5. CANCELLATION, AND INACTIVITY
5.1 The Company will not be deemed to be in breach of this Agreement or otherwise liable to the Client for any failure or delay in performing its obligations under this Agreement where, in its commercially reasonable opinion (including on the occurrence of a Force Majeure Event which we reasonably consider may have an adverse effect on the commercial success of the Marketing Solutions) we decide to cancel or postpone the Marketing Solutions. In the event of such an event, the Company will give written notice to the Client of its decision as soon as reasonably practicable after thedecision has been made.
5.2 The Fees shall be refunded in full where suitable alternative Marketing Solutionsare not available.

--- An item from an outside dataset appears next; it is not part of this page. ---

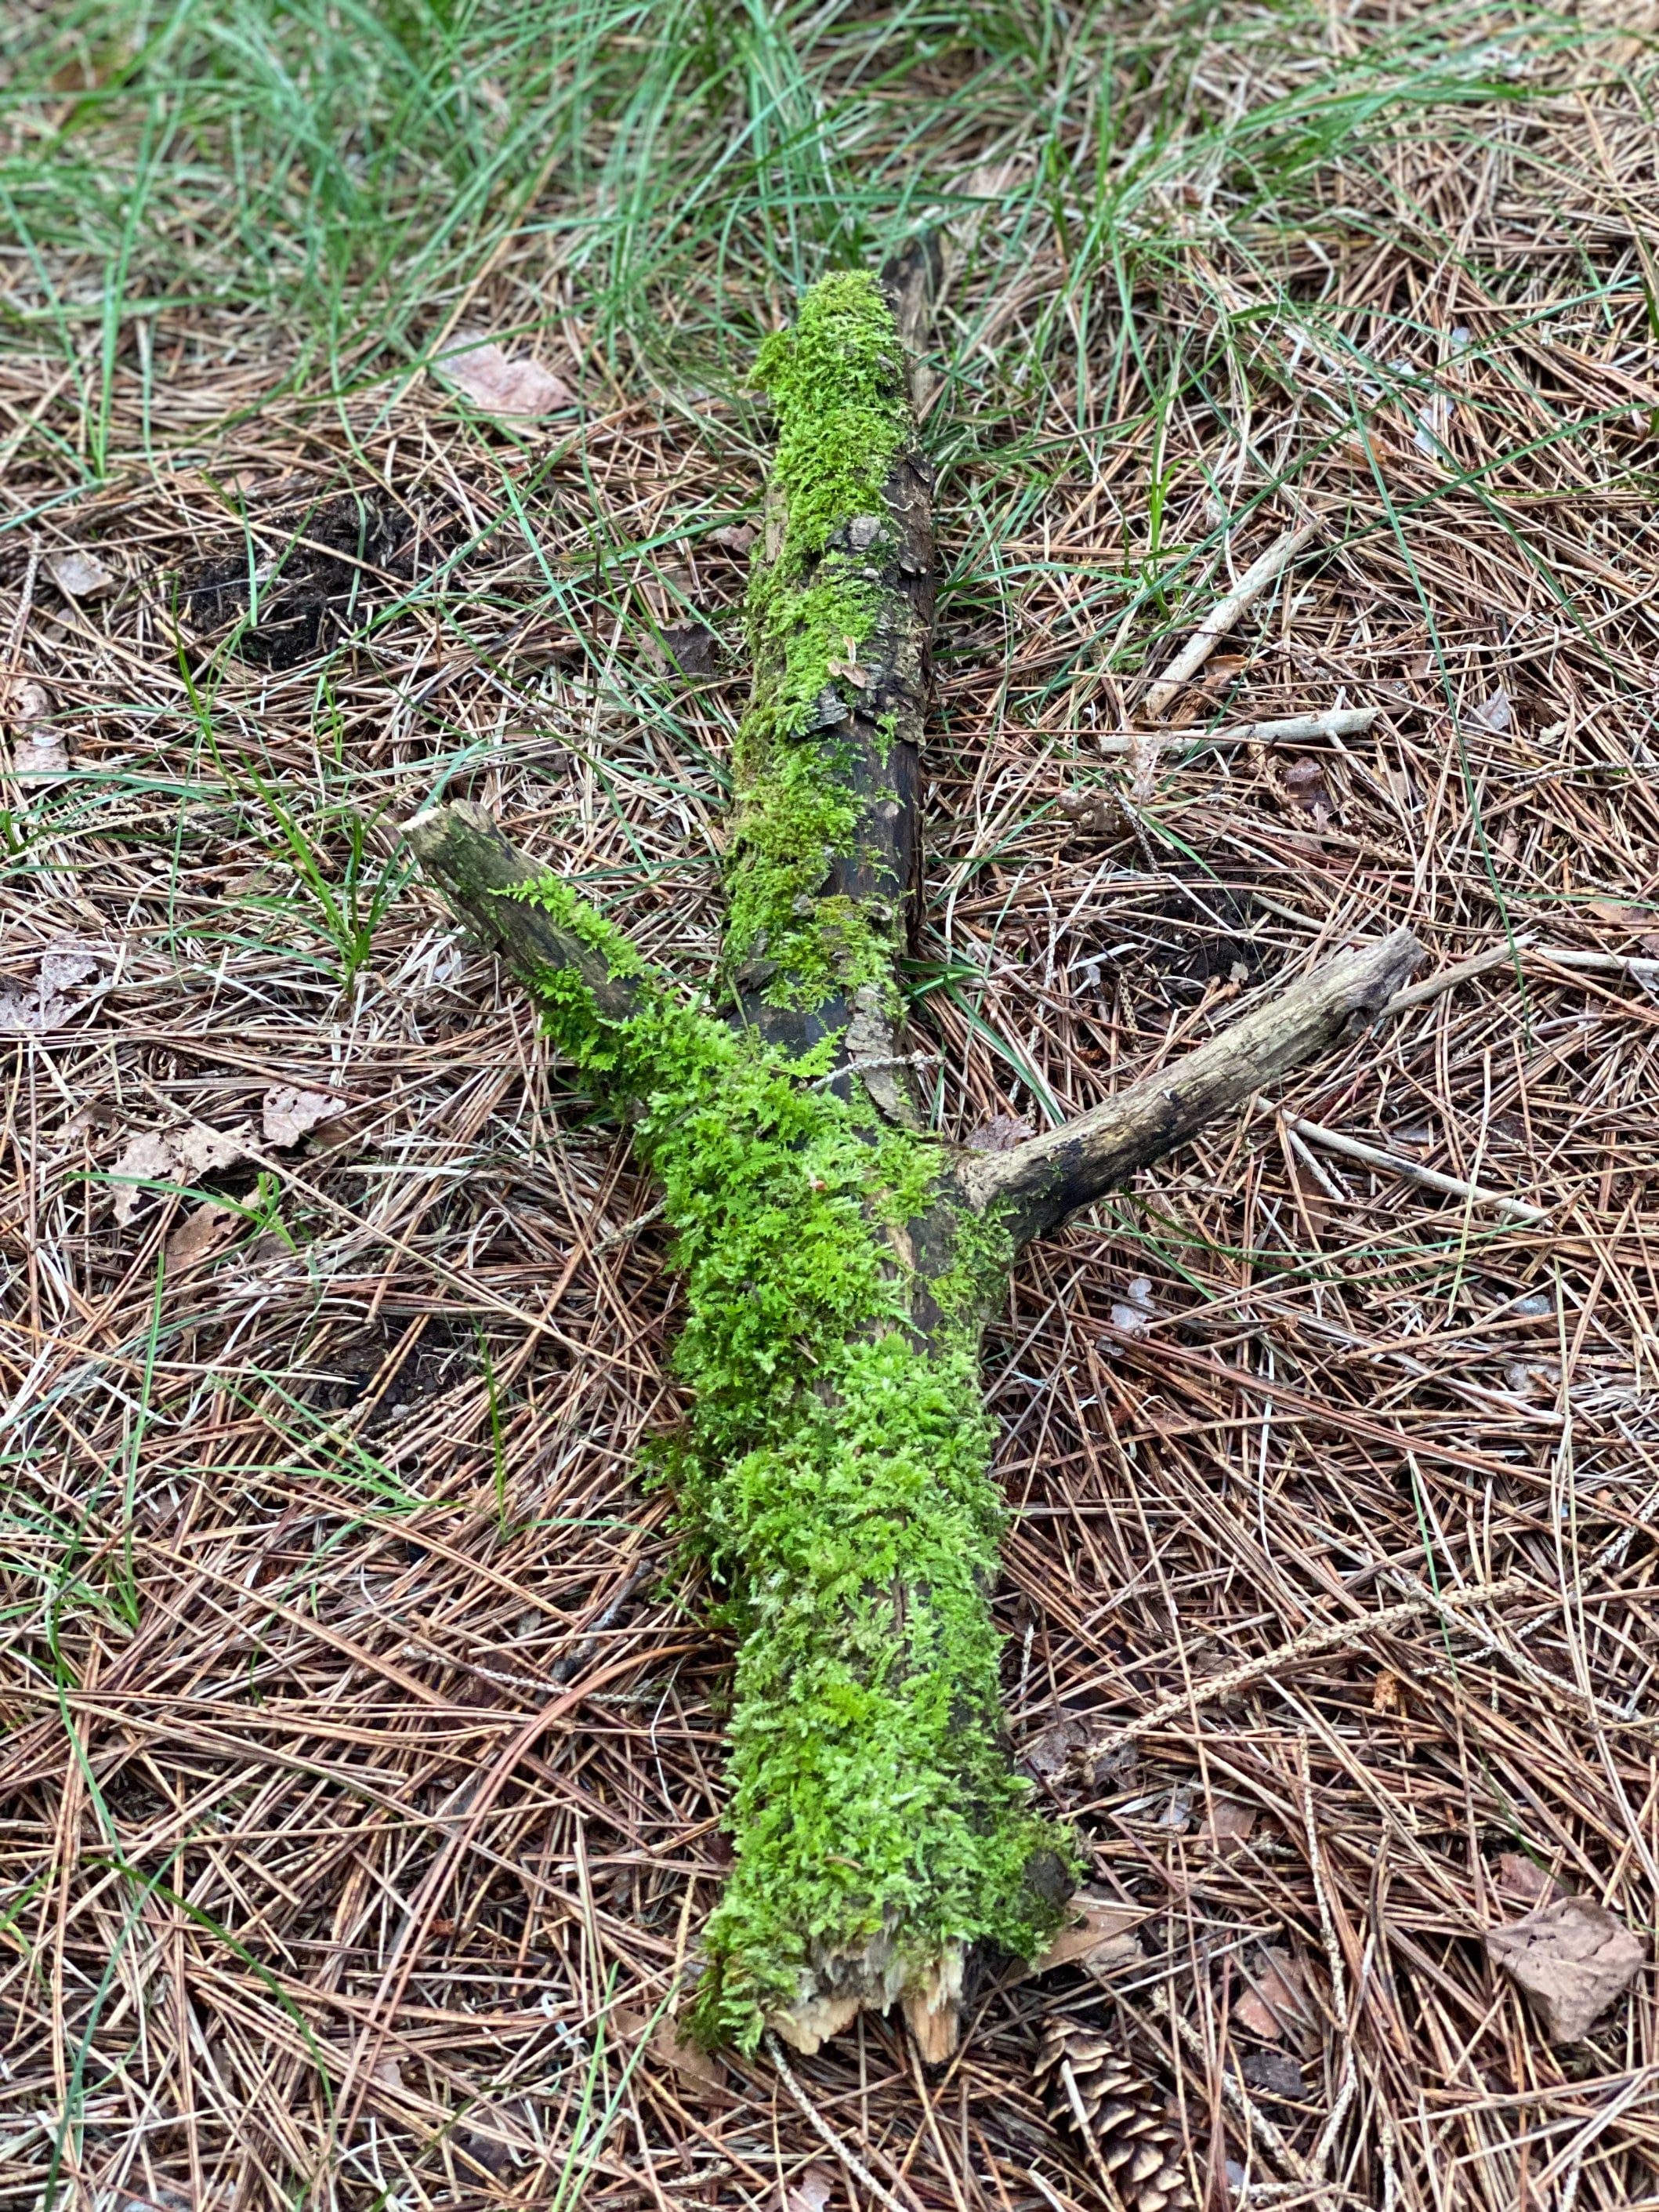 Moss Covered Log, Mossy Log, 19 Inches Long by 9 Inches Wide and 2 Inches High

5.3 Other than by prior written mutual agreement, where the Client fails to provide the information, as set out in Clause 3.1, the Marketing Solutions shall be forfeited by the Client and the Company shall have no liability to the Client in this regard.
5.4 For the avoidance of doubt, where the Client forfeits the Marketing Solutions as set out in clause 5.4, the Fees shall remain payable in full.

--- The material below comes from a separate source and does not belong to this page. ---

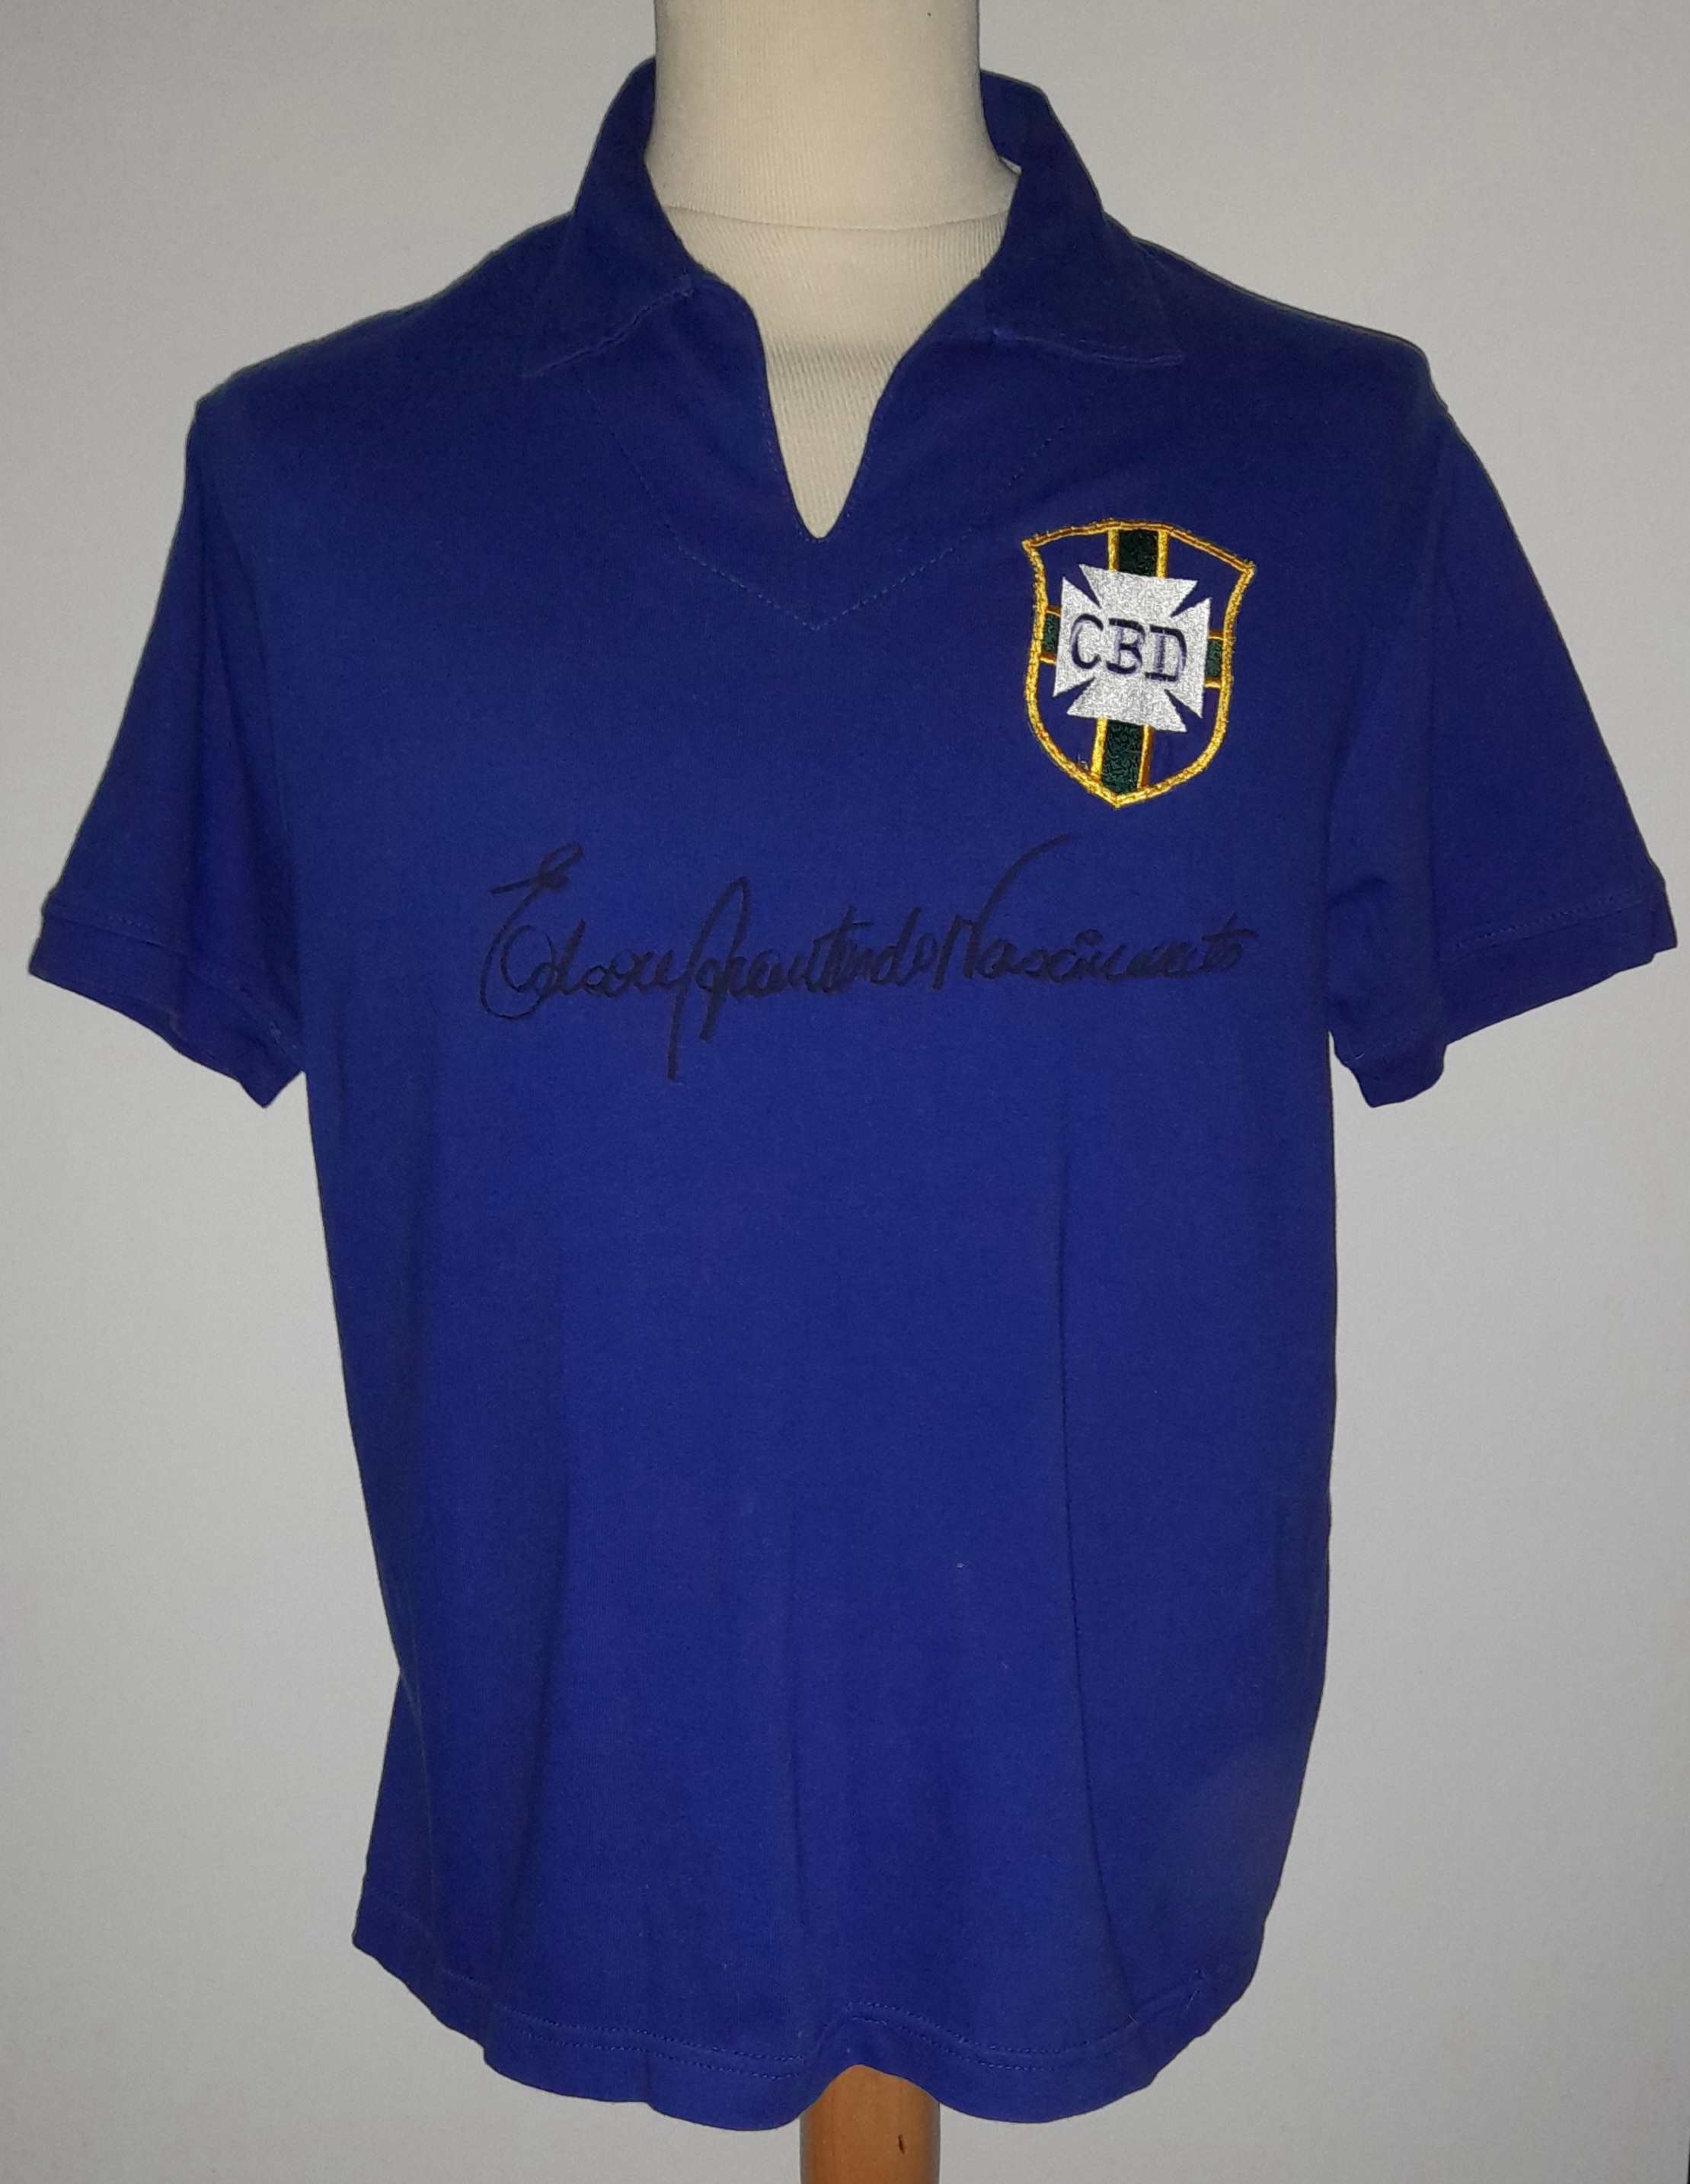 BRAZIL 1962 WORLD CUP SHIRT AUTOGRAPHED BY PELE

5.5 The Marketing Solutions must be used in the month outlined in the Order. With prior written agreement, in exceptional circumstances there may be an opportunity to roll the activity over into the following month from the agreed initial delivery date of the Services, but this cannot be guaranteed. Any change requests must be received by the Company in writing. For the avoidance of doubt where the Client fails to use the Marketing Solutions, the Fees shall remain payable in full.
6. TERM AND TERMINATION
6.1 This Agreement will commence on the Commencement Date and will continue until completion of the Marketing Solutions, unless terminated early in accordance with its terms.
6.2 Where the Company terminates of this Agreement in accordance with clause 2.4, all outstanding Fees owing to us at the date of termination will be due and payable without deduction or set-off. Where termination occurs before You have received all the Marketing Solutions, the Company will charge such proportion of the Fees as is reasonable to reflect the value of the Marketing Solutions received by You prior to the date of termination.
6.3 Upon expiry or termination of this Agreement, the parties agree that:
6.3.1The Company’s obligations to provide any further Marketing Solutions will cease with immediate effect;
6.3.2 Any licences granted to the Client pursuant to this Agreement will immediately cease; and
6.3.3 You will destroy any and remove Company marks from any materials in Your possession.